В "московском кружке" вторая симфония встретила полное понимание. "По-моему, это вещь грандиозная",- пишет С. Соловьеву А. Блок еще до знакомства с Андреем Белым. Позже он написал рецензию на нее, о которой редактор, печатавший ее, П. Перцев, в своих воспоминаниях говорит: "Статья... была настолько лирически-субъективна, представляла, собственно, не "критическую" статью, а такой зов другой, родной души, что мы поместили ее даже не в отделе "Литературной хроники", а в отдел "Из частной переписки"... Так вместо рецензии получилось еще одно стихотворение из цикла Прекрасной Дамы, которое только прозаическая форма не допустила в сборник".
Московский кружок Андрея Белого, состоявший из его друзей и знакомых, близких по взглядам, в 1901-1904 годах расширился, в него входили и литераторы, и музыканты, и ученые, собственно, это был не литературный кружок, а литературно-философское общество с широкими интересами.

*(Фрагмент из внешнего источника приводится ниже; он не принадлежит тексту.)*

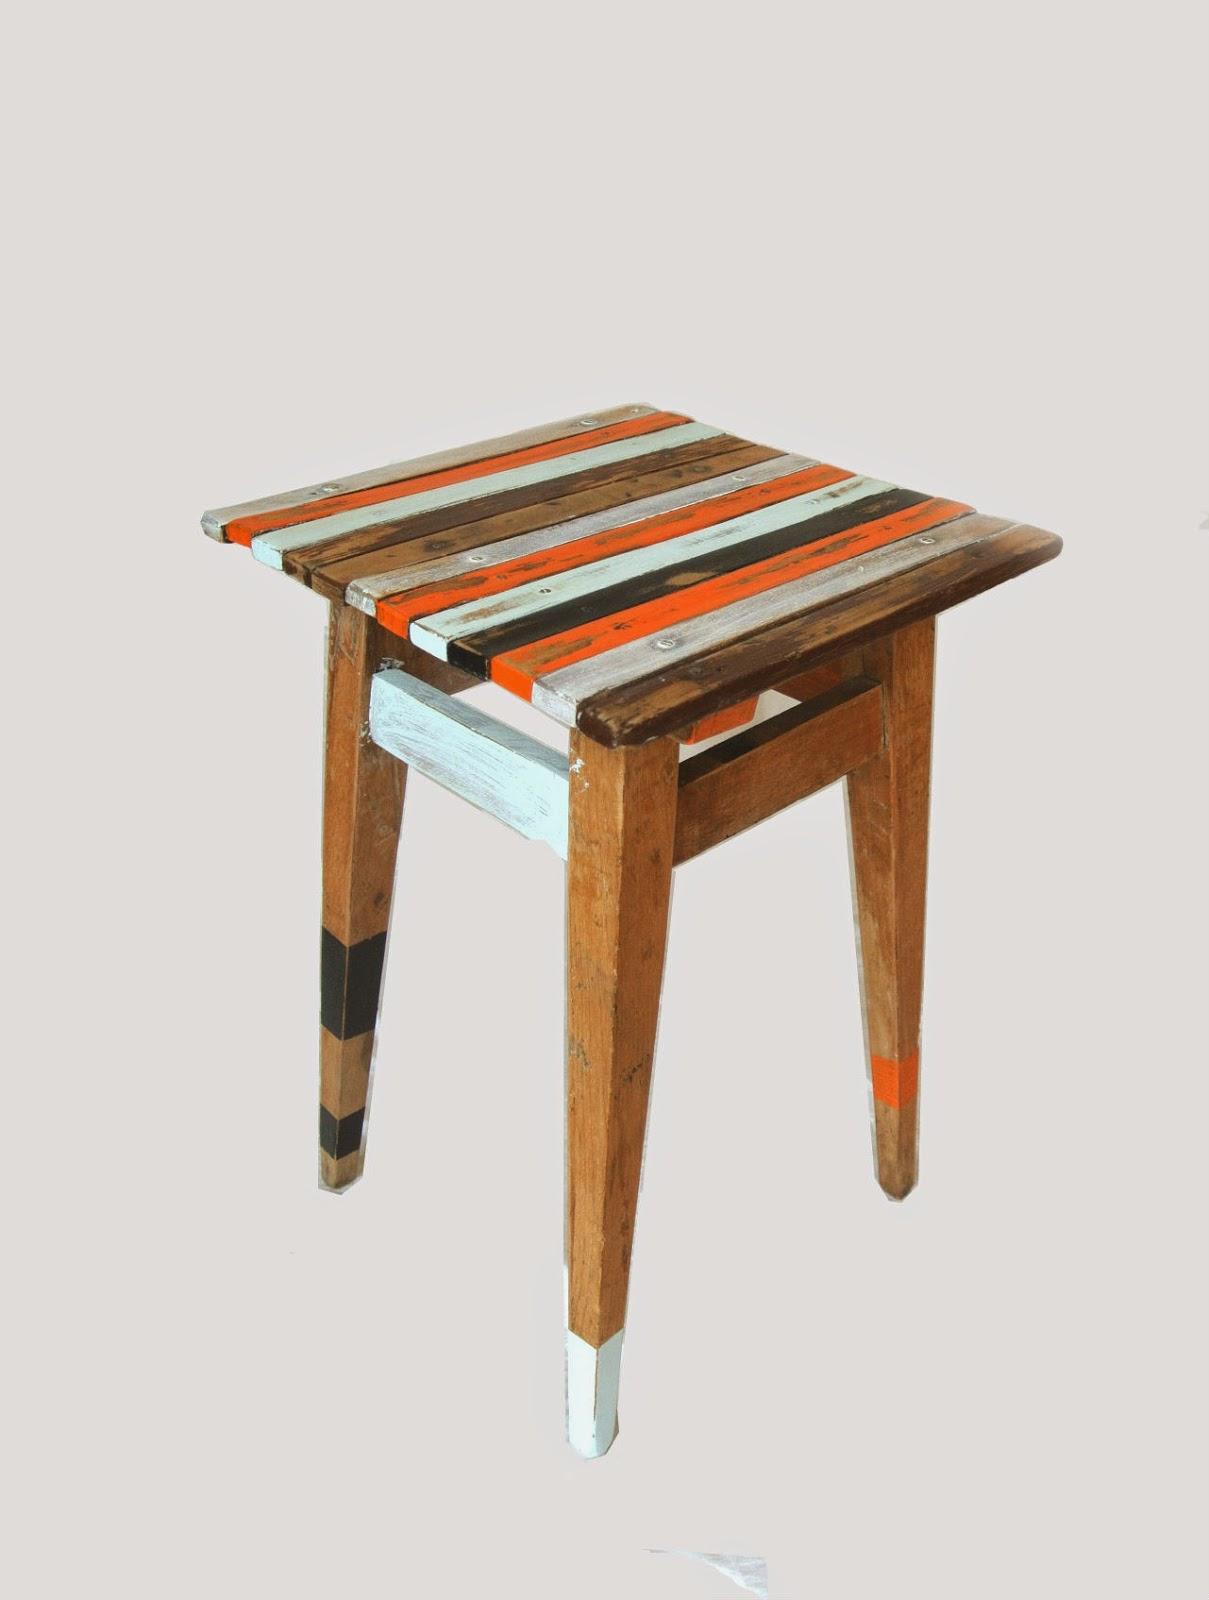 stołek,taboret,Vintage,stare deski,malowanie drewna,stołek vintage,jak zrobić stołek vintage,co to jest vintage,skarpetki na meblach,mebel,krzesło,krzesełko

Они называли себя "аргонавтами", в память о мифических путешественниках, отправившихся за золотым руном.
Вообще значение дружеских кружков, объединений в утверждении нового направления, стиля, школы в литературе и искусстве, как показывает история, необычайно велико. Создание кружка "аргонавтов" также сыграло огромную роль в утверждении в русской литературе молодых символистов (или, как их называют еще в литературе, младосимволистов).
Среди прочих элементов кружка обязательно в нем культивировался свой язык, свои словечки со своими, условными, значениями, своя мифология. Так бывало всегда: и у немецких романтиков-мистиков конца XVIII века, и в реалистичнейшей горьковской "Среде". Описывая язык "аргонавтов", Андрей Белый говорит:
"...многое в стиле обращения друг к другу, в стиле даже восприятия друг друга может показаться ненатуральным, ходульным: виноват не я, а время: в настоящее время так не говорят, не шутят, не воспринимают друг друга, а в 1902-1904 годах в наших кружках так именно воспринимали друг друга, так именно шутили; многие из каламбурных метафор того времени теперь выглядели бы мистикой; например, мифологический жаргон наших шуток теперь непонятен; ну кто станет затеивать в полях "галоп кентавров", как мы, два химика и этнограф (я, С. Л. Иванов, В. В. Владимиров)?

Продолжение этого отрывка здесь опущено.